---------- RECORDED DATA ----------

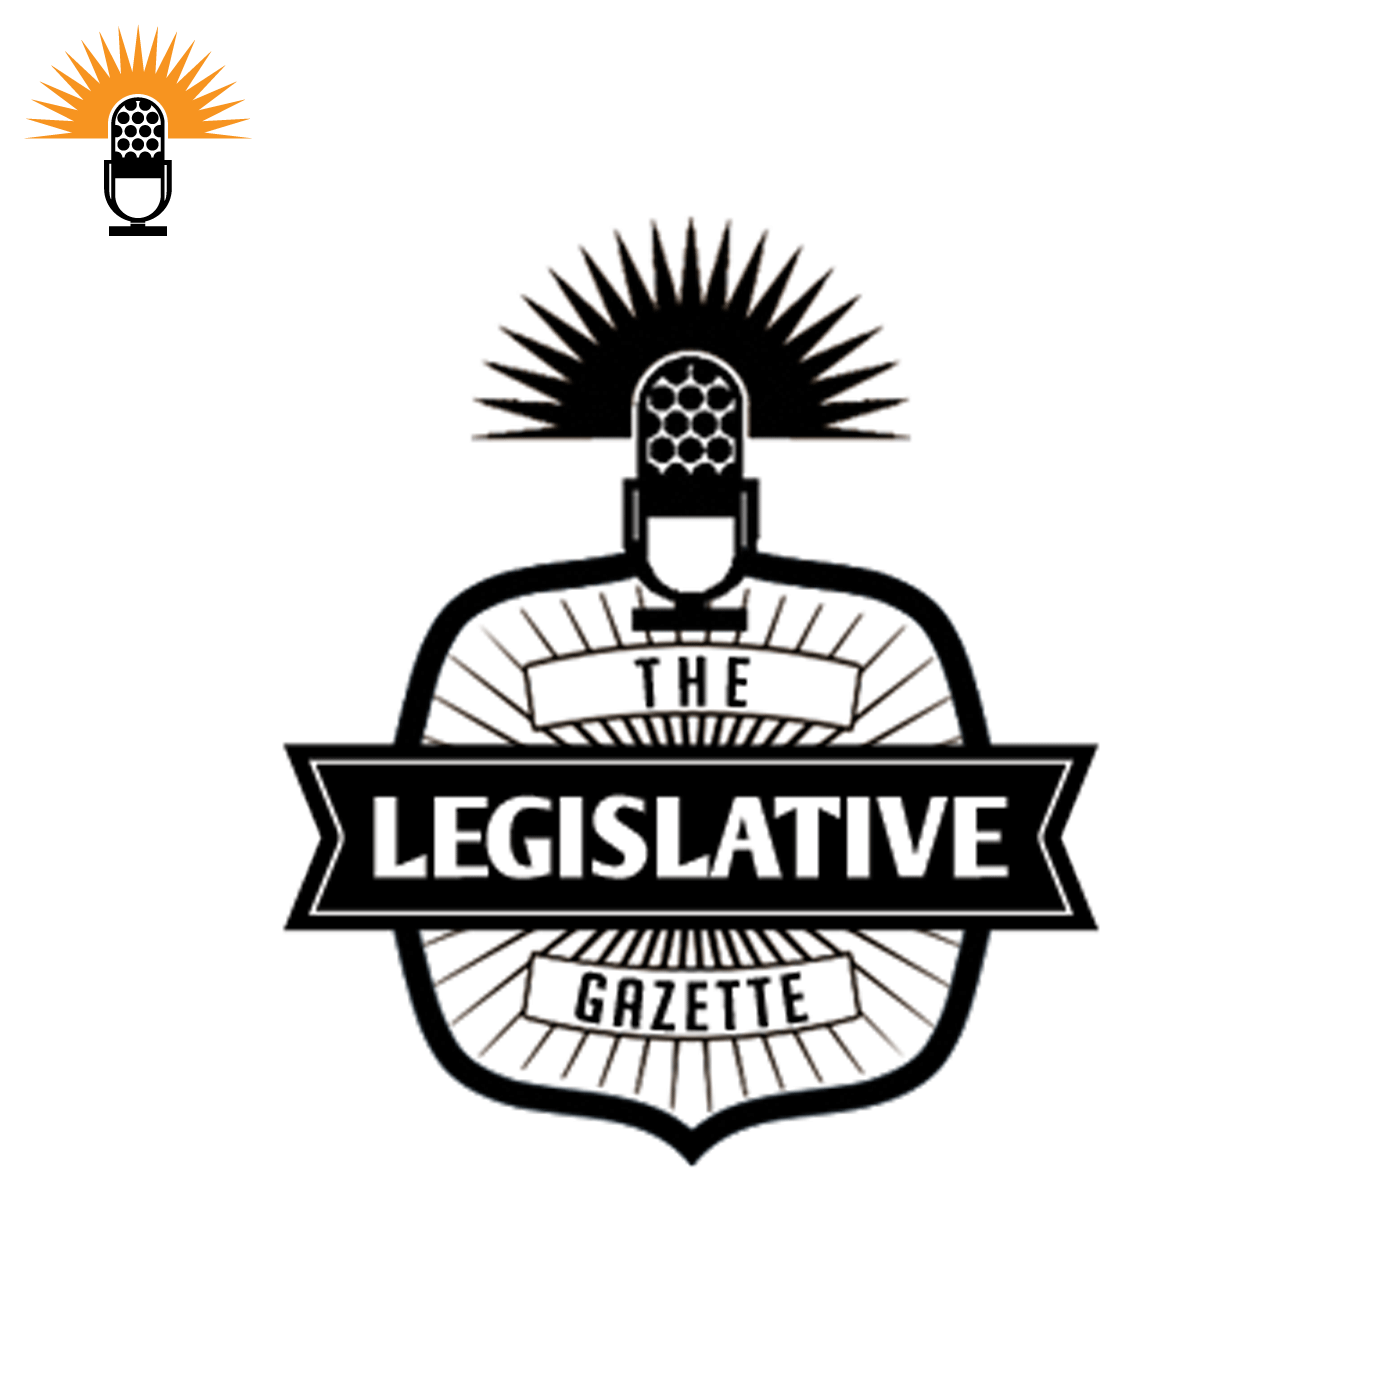 The Legislative Gazette - lawmakers negotiate affordable housing and tenant protections
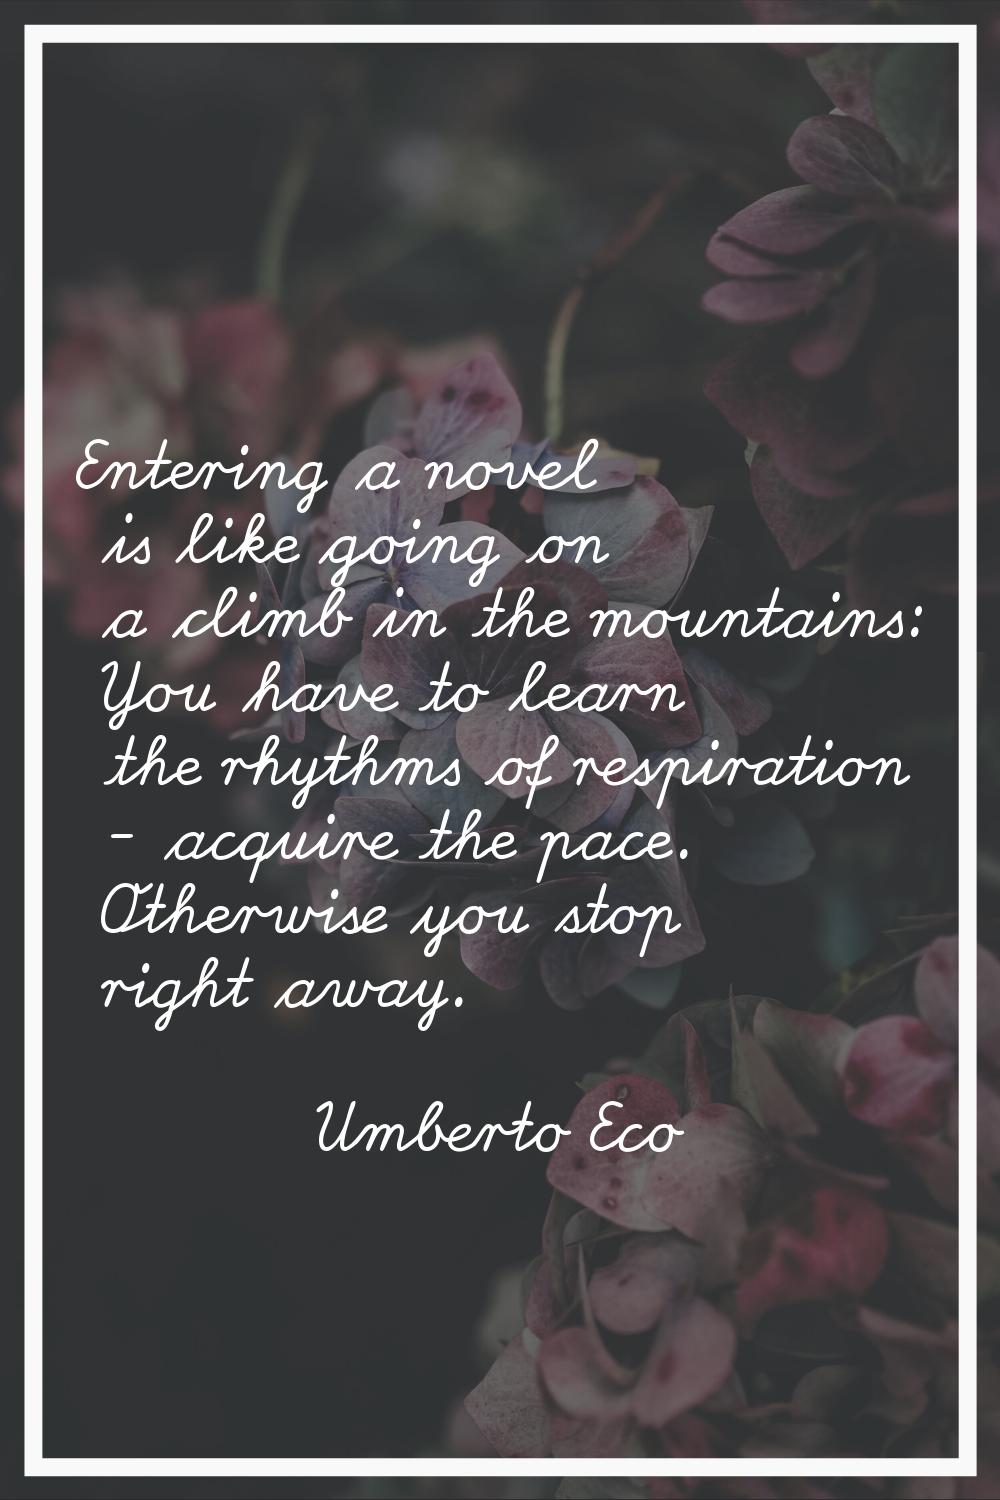 Entering a novel is like going on a climb in the mountains: You have to learn the rhythms of respir
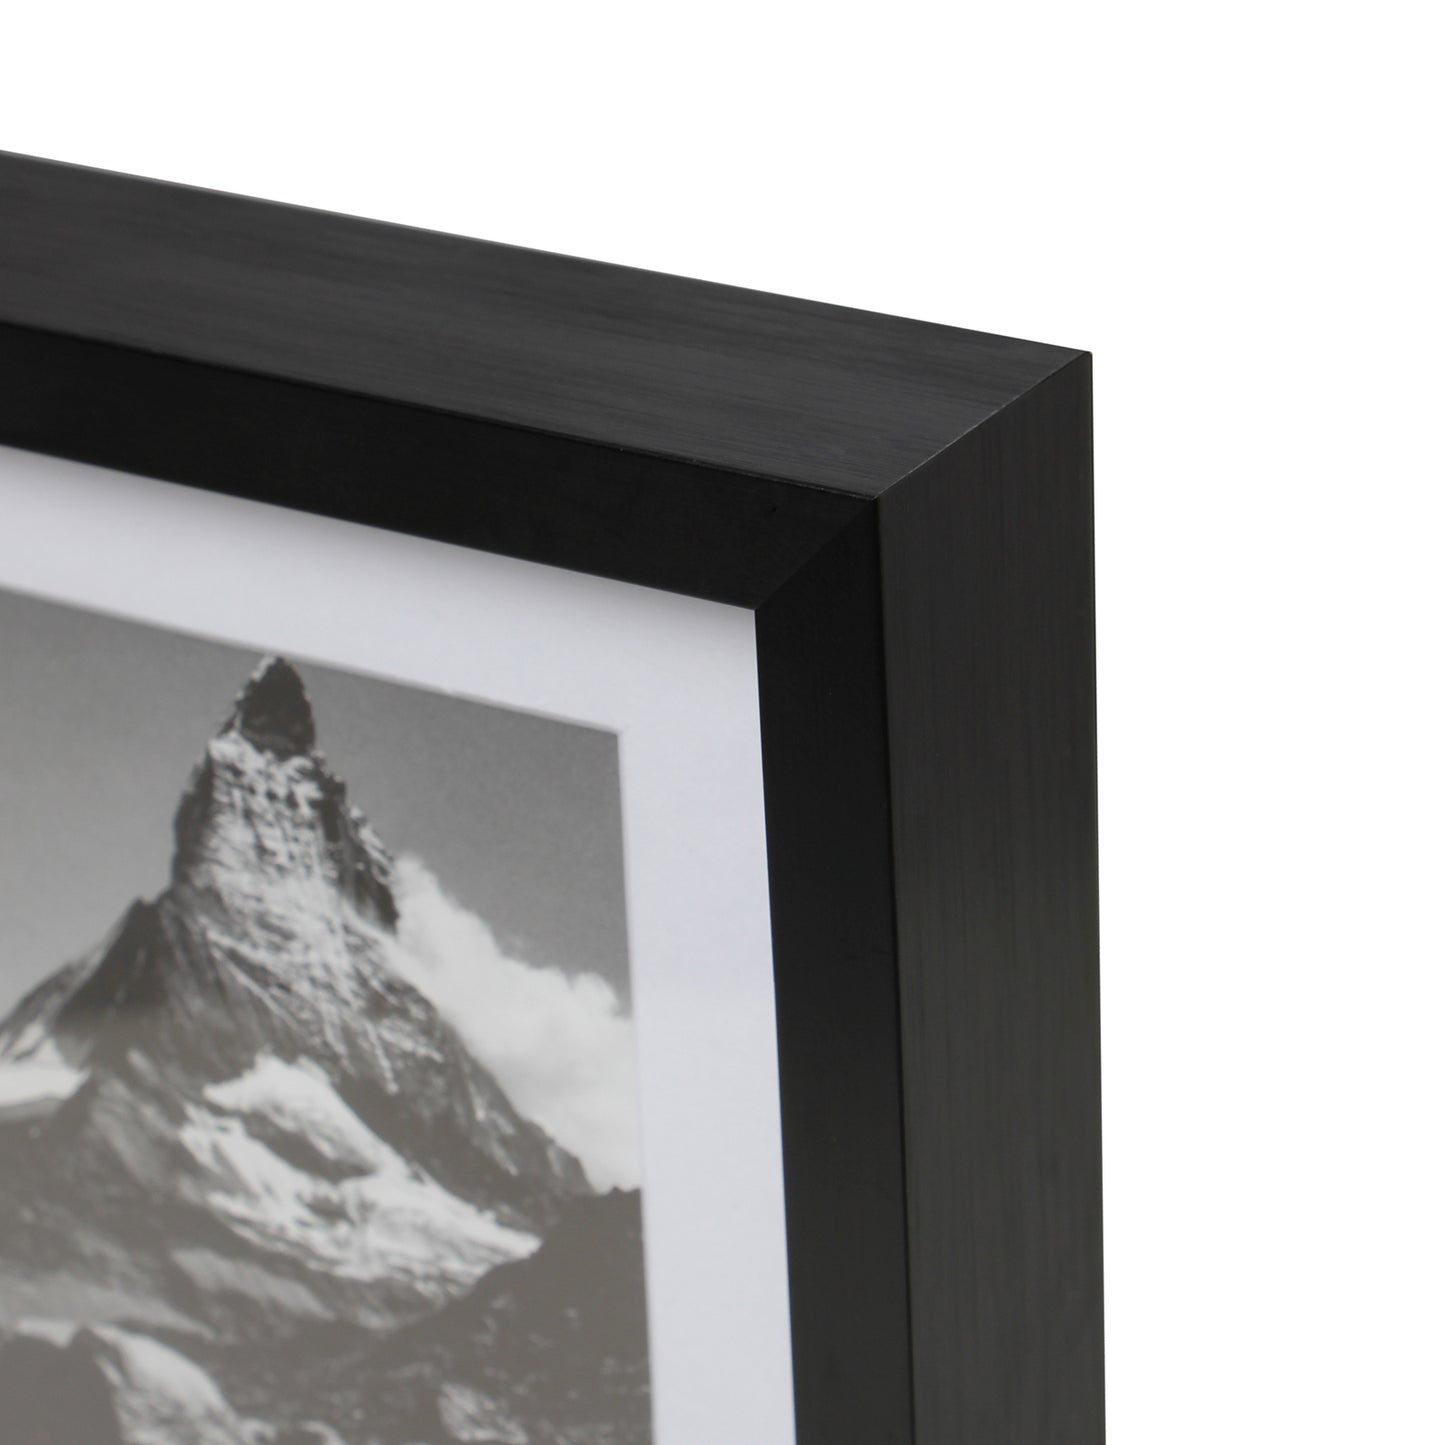 13" x 19" Deluxe Black Aluminum Contemporary Picture Frame, 11" x 17" Matted

----------

> _WORK INSTRUCTIONS_:
Word for word, restate each line above, minus its pictures.

> _WRITTEN RESPONSE_:
 The Legislative Gazette - lawmakers negotiate affordable housing and tenant protections
 Entering a novel is like going on a climb in the mountains: You have to learn the rhythms of respir
 13" x 19" Deluxe Black Aluminum Contemporary Picture Frame, 11" x 17" Matted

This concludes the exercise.